Rachel had stayed home sick from school on the day of her disappearance. Her stepfather, Vince Mellon, said she was lying on the couch when he went to take the dog for a walk, and when he came back, she was gone.

Vince himself has been a suspect in Rachel’s case for years, though. Rachel had written in her diary that he kissed her and touched her inappropriately, and he had scratches on him after her disappearance. There just isn’t enough evidence at present to charge anyone, however.

Asian Pacific American Heritage Month: Hiep Luu

In honor of Asian Pacific American Heritage Month, I am profiling one Asian or Pacific Islander MP for every day of the month of May. Today’s case is Hiep T. Luu, a 21-year-old Vietnamese immigrant who disappeared from Berwyn, Illinois on December 15, 2003.

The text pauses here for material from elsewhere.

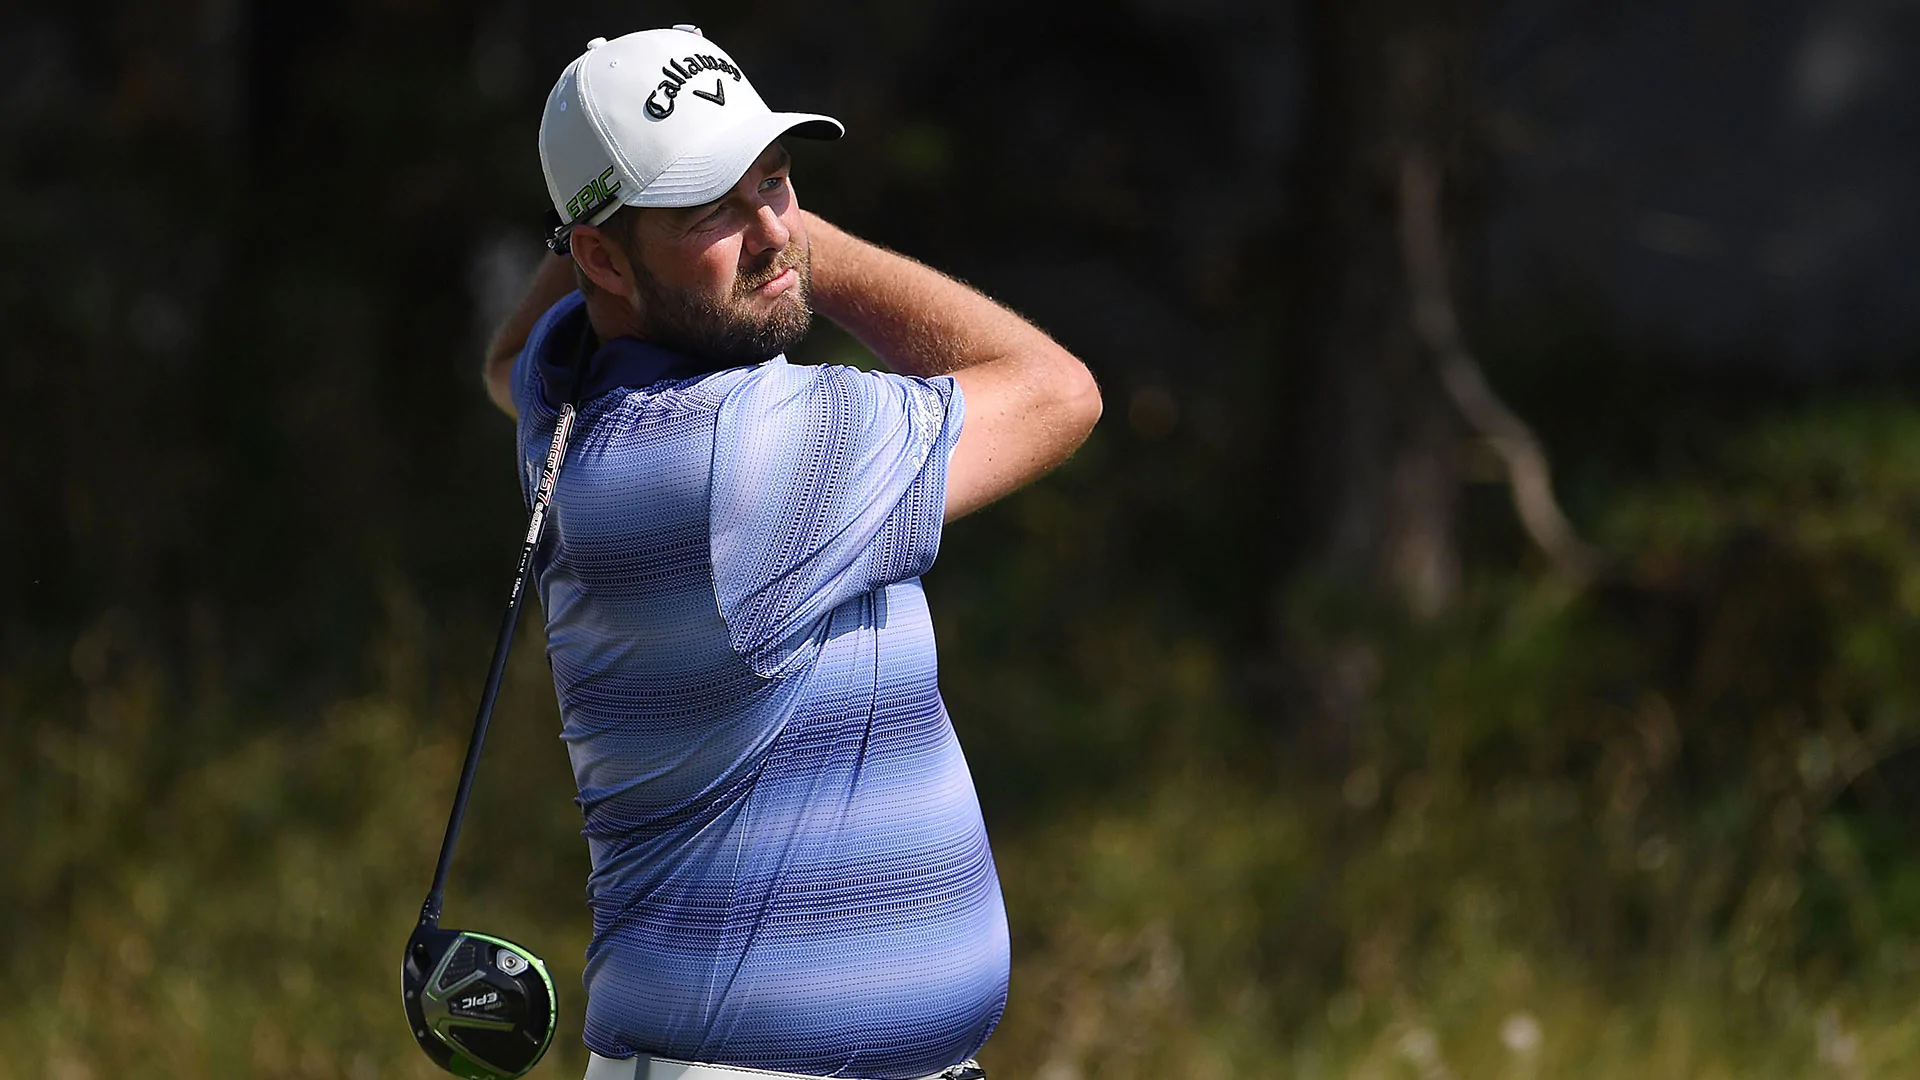 Leishman keeps momentum going with 9-under 62

Luu had moved to the U.S. in the 1990s and was living with his parents, sisters and brother-in-law. He was last seen when he left home to drive to work. He never arrived and was never heard from again.

I don’t have much information on this case, but as his car is missing also, I have to wonder if he got into an accident of some kind. Driving conditions in the midwest in the wintertime can be rather horrible. It’s a forty-minute drive from Berwyn to Woodridge, the town where his job was, and I note several forest preserves dotting the area. I wonder how thoroughly these have been searched.